Live update will do two things: 1) Trigger training of the classifier, combining all annotations that have been added (no matter on which time-frame, or which image they are), and 2) predict the current view port (this is only a single time frame, or image). Depending on the number of annotations you have, 2) is usually more time consuming and directly. Computation time during live update (so from, e.g. changing something until the whole viewport is predicted) is usually dependent on the size of the part of the image you are looking at. The more you zoom out, the longer it will take to predict. Number of time frames has little to no influence (depending on the file format…).

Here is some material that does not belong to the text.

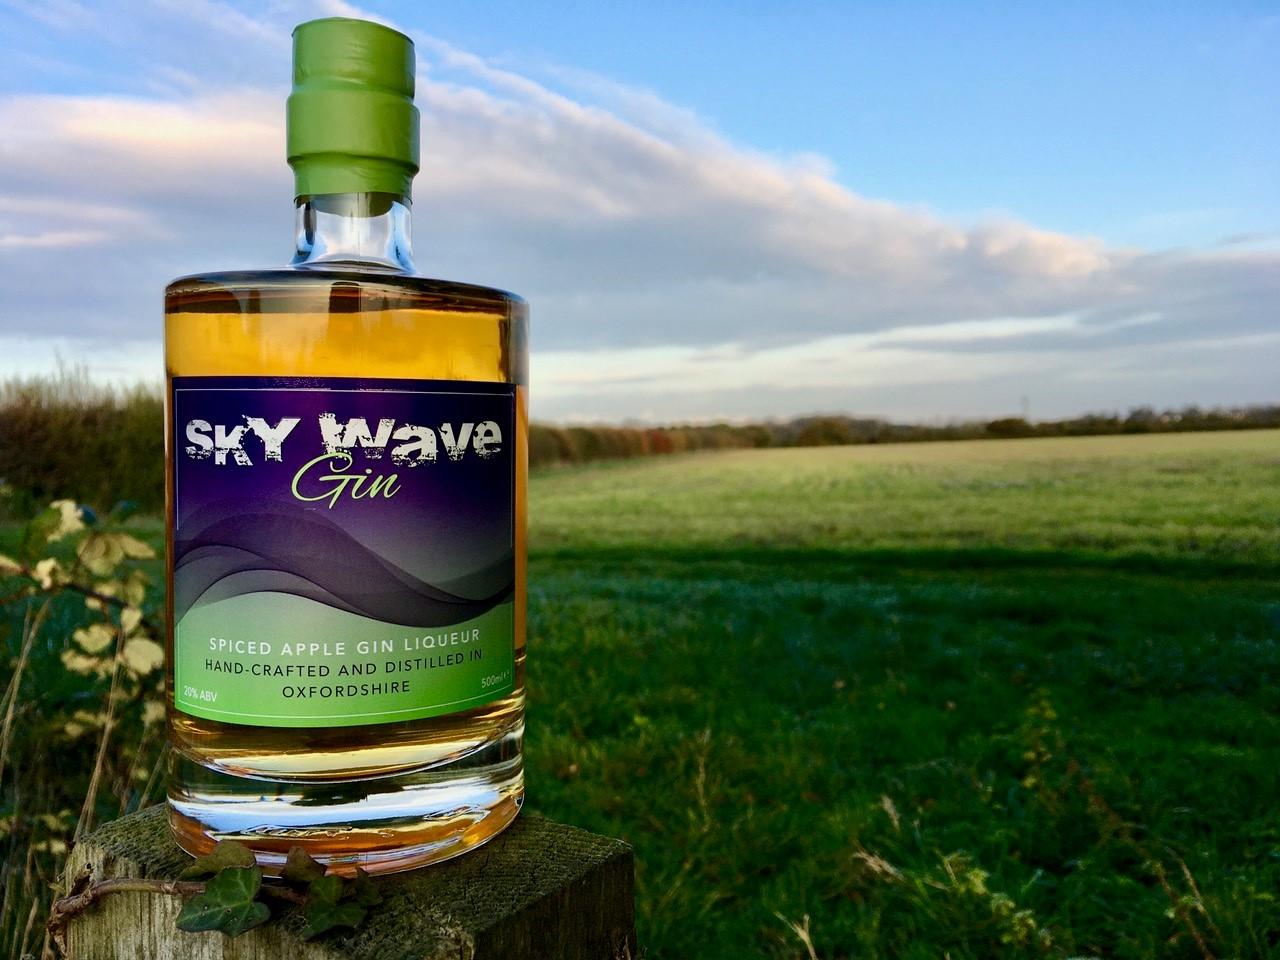 Sky Wave Gin Winter Edition Spiced Apple Gin Liqueur

Q: Is it possible to use ilastik with GPU?

Ilastik does not support to use a GPU for the simple pixel classification workflow. It nethertheless provides high performance by using highly optimised C libraries.
The ilastik neural network classifcation uses GPUs though. (see ilastik - Neural Network Classification)

Part 3: Mastodon

Q: Where can I find additional information concerning “big data server”?

https://imagej.net/BigDataServer

Q: What is the name of the famous paper discussing “What is an analysis workflow?”

https://zenodo.org/record/1042570#.YBA2mFUzbuo

Q: Hi, thank you so much for this webinar! TrackMate actually has a part that automatically identified objects (one of the best if not THE best spot detection I know:D). Does this exist in Mastodon as well?

Thank you! Yes!

Q: Does Mastodon support GPUs?

No, no need. Maybe in the future we will use GPU for visualization. But the core of Mastodon doesn’t need a GPU.

Q: What kind of PC specifications are your benchmarks for processing time set around?

For Mastodon you don’t need a big computer. It is made to run on modest hardware. I could use it successfully on a 8GB laptop. Using a mouse is important for Mastodon however.

Q: Can mastodon be used also for not time data? for example, what could you extract from a big 3d dataset?

Yes it will work even if you don’t have a time-lapse. You can still use it for detection and inspection. I do this a lot actually.

Q: Will Mastodon replace MaMuT and TrackMate? (Is all functionality covered by MaMuT?)

It does replace MaMuT. I support the 3 software nonetheless.

Q: Fantastic toolset! We often see nucleus tracking, do you have other successful example of other particles tracked? Can it follow merging particles in the lineage?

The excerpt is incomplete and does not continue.